Don't forget that corporate machines can be compromised without the user knowing about it. Especially laptop users who take their laptops home and connect onto the net without taking any precautions. Indeed I have consulted on a number of sites where the customer did not even have a firewall in place and of those that did, few of them knew how to manage it.

Have done the abuse thing before and to be honest most network admins don't even acknowledge the request. From time to time I use www.dshield.org to report persistent troublesome IPs. Dshield is a well reputed centralised attack correlation centre that takes information in from people aprund the world and then reports persistent abusers to thie ISPs/network admins for action.

C
 
Re: firewall

The email is in plain english and tells you what type of attacks/probes your firewall recorded.

...

From: analyzer@symantec.com [mailto:analyzer@symantec.com]
Subject: Symantec DeepSight Analyzer Scheduled Summary (76 new events).

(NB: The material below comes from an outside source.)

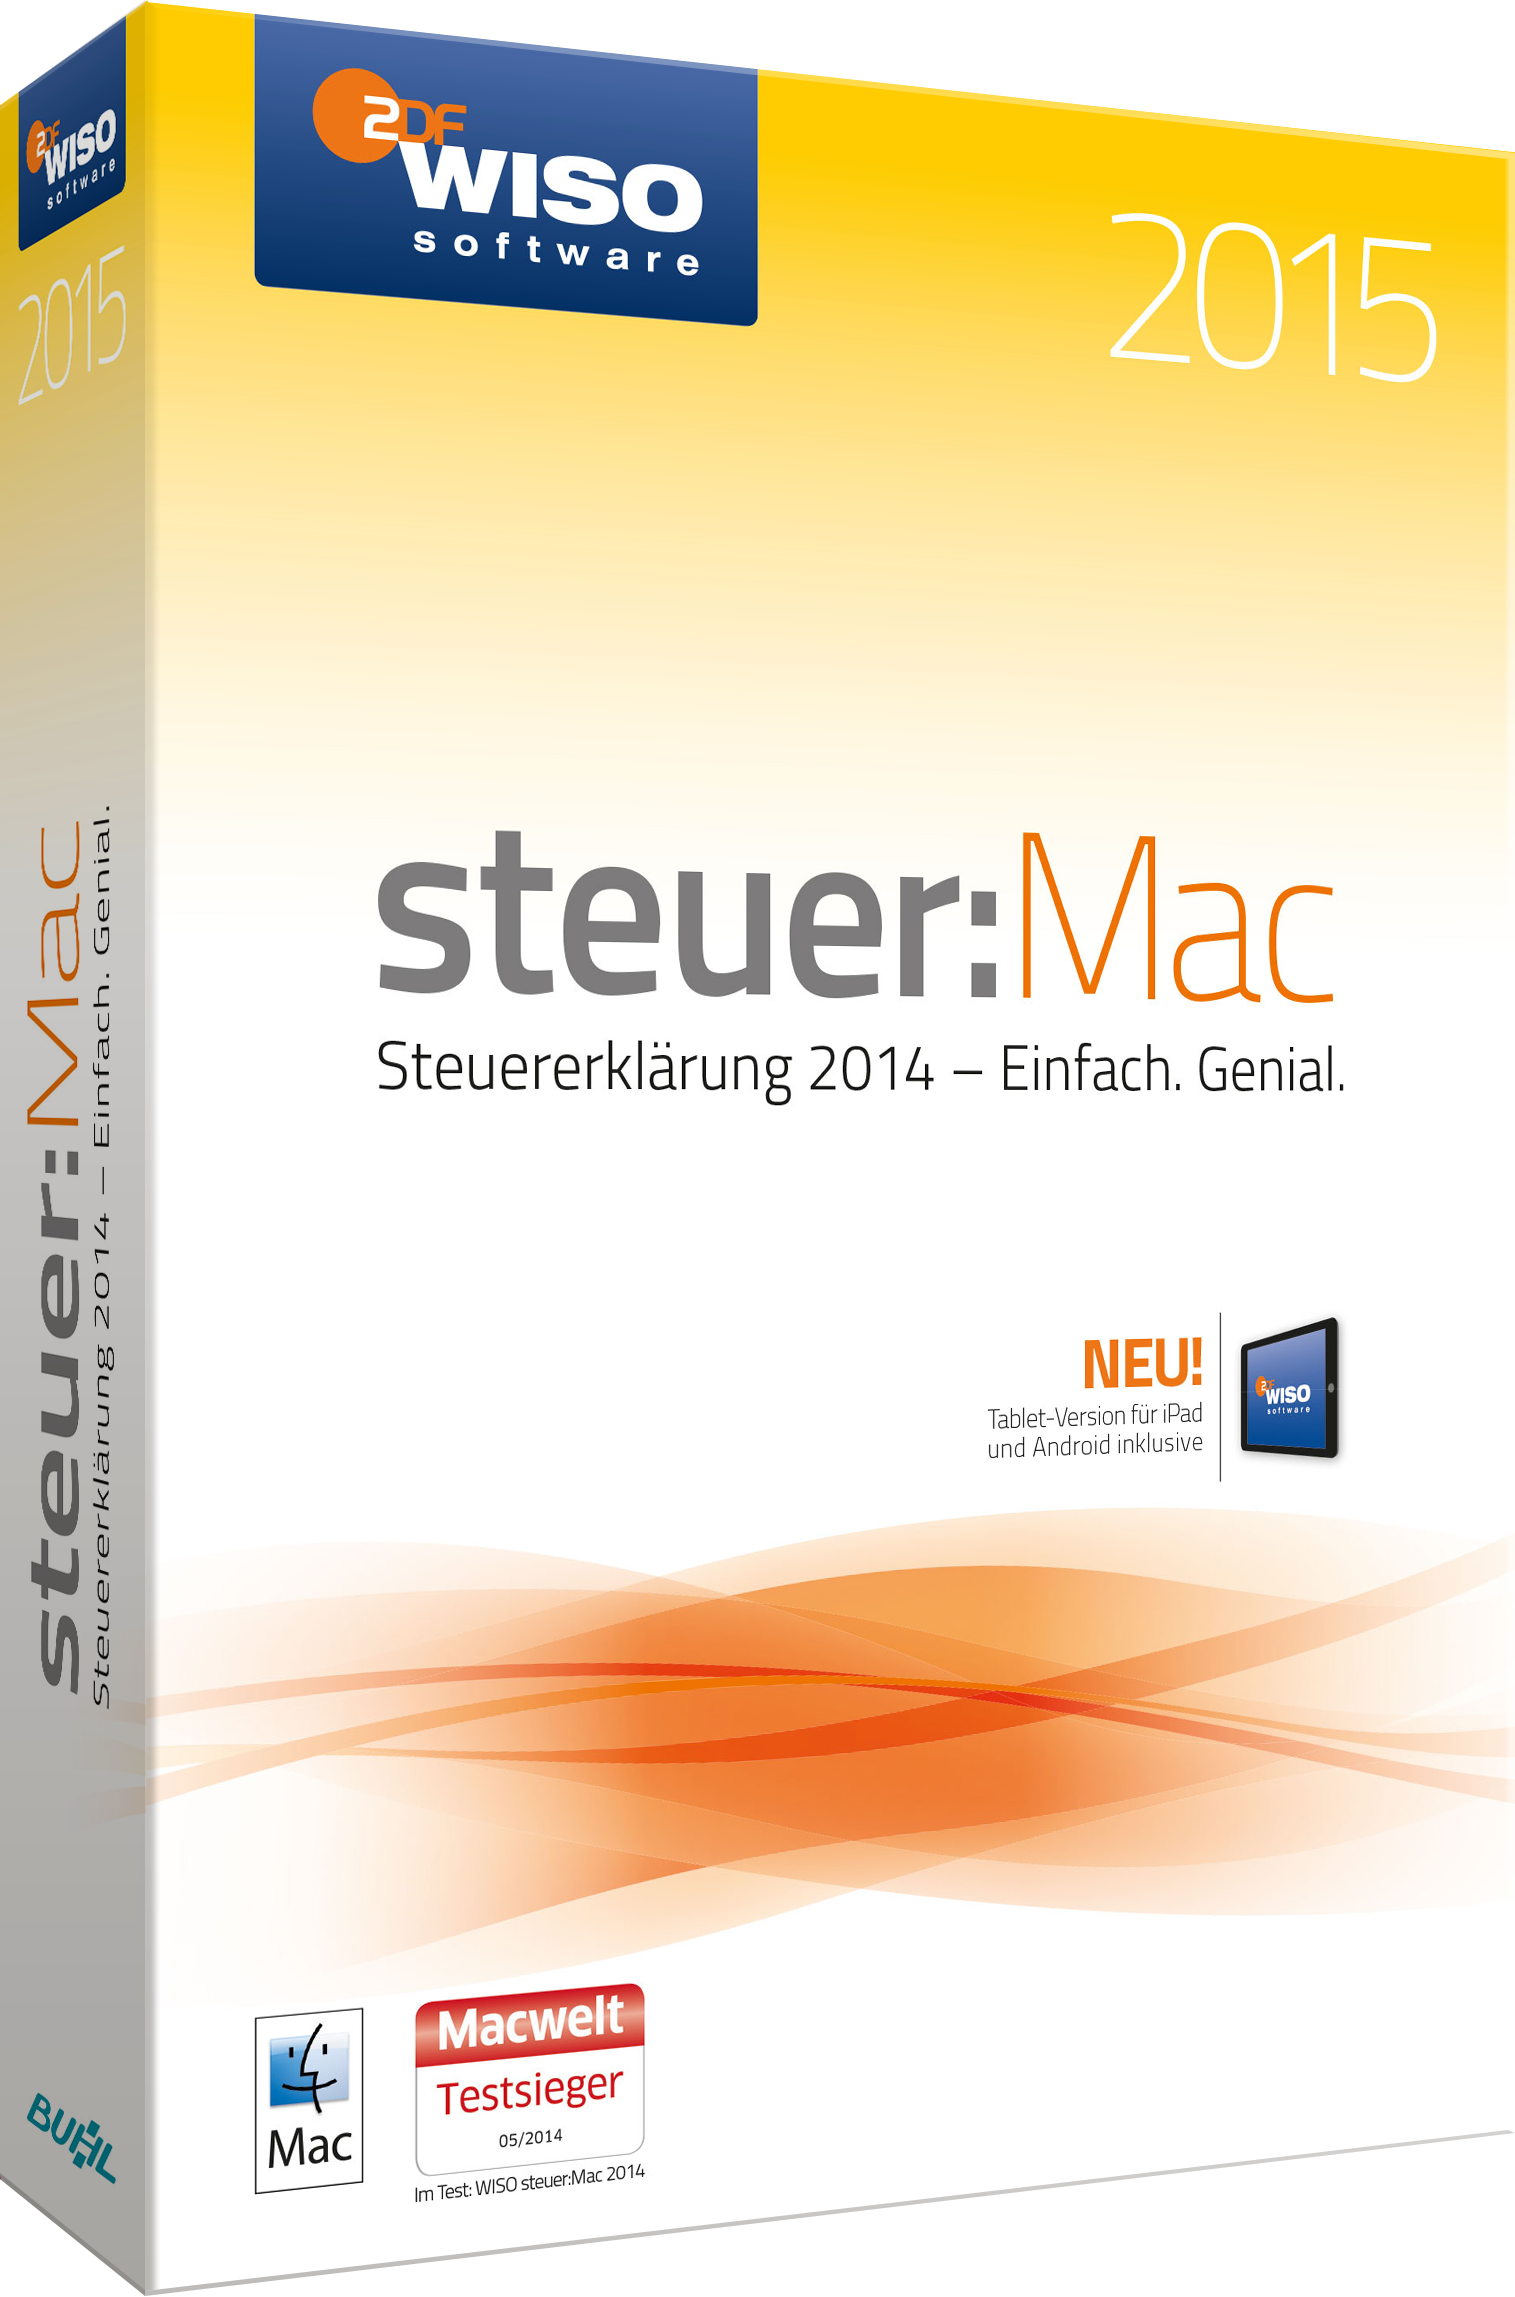 Hauptbild des Produkts: WISO steuer:Mac 2015
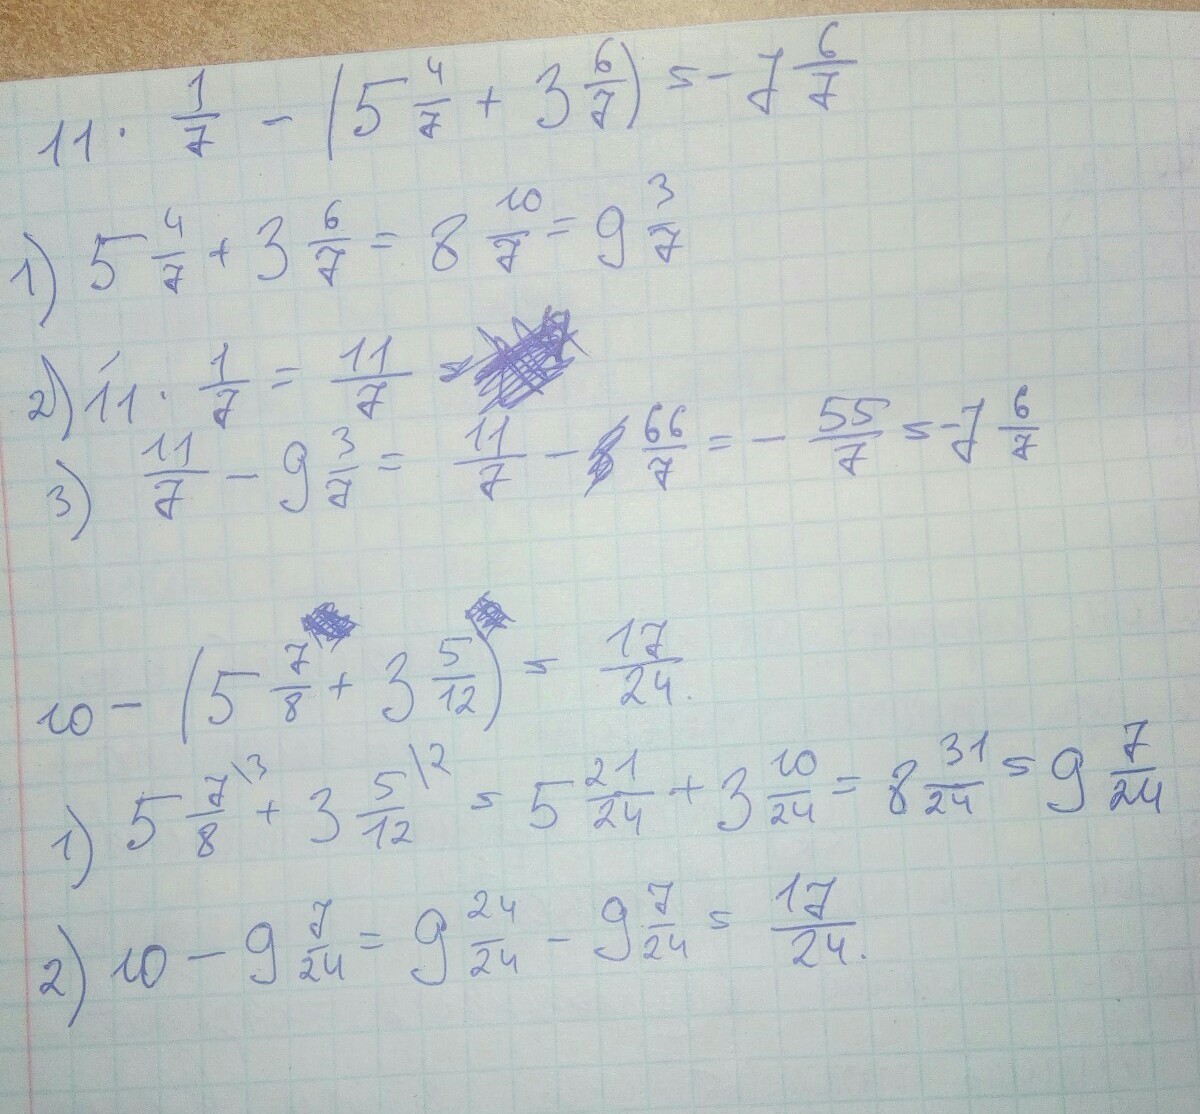 11 3 3 1 7 12. Пример 2 5/6 - (1 1/3-1/2). Решение 1 1/2+1/3*6/11. 1:7 Решение. 2 2/5 И 4 3/7 решение.

DeepSight Analyzer Daily Summary
Event Activity Report for capaill.
Date Range: 2/19/2005 11:35:50 AM - 2/20/2005 11:00:00 AM GMT

Time of last upload: Feb 20 2005 10:49AM
New events since last report: 76
Total number of events reported: 493
Number of new distinct attacking IP's: 57

Top Attacks Since Last Report Severity Count Last Event Date
-------------------------------------- -------- ----- ------------------
Generic Connection Denied Event Low 76 2/20/05 9:00 AM

Top 7 Attacking IP's # Events
-------------------------------------- -----------
195.218.21.171 3
195.218.26.50 3
195.218.27.37 3
195.218.29.12 3
67.18.222.234 2
70.68.45.96 2
169.254.176.108 2

Top 5 Attacking Countries # Events
-------------------------------------- -----------
Luxembourg 26
United States 18
United Kingdom 9
Ireland 6

Top 7 Targeted Ports # Events
-------------------------------------- -----------
445 (microsoft-ds ) 58
139 (netbios-ssn) 4
137 (netbios-ns) 3
6346 (gnutella-svc ) 3
1026 (unknown) 1
1027 (unknown) 1
2428 (ott ) 1


I doubt that many non computer professionals would consider the report above to be "plain English" to be honest.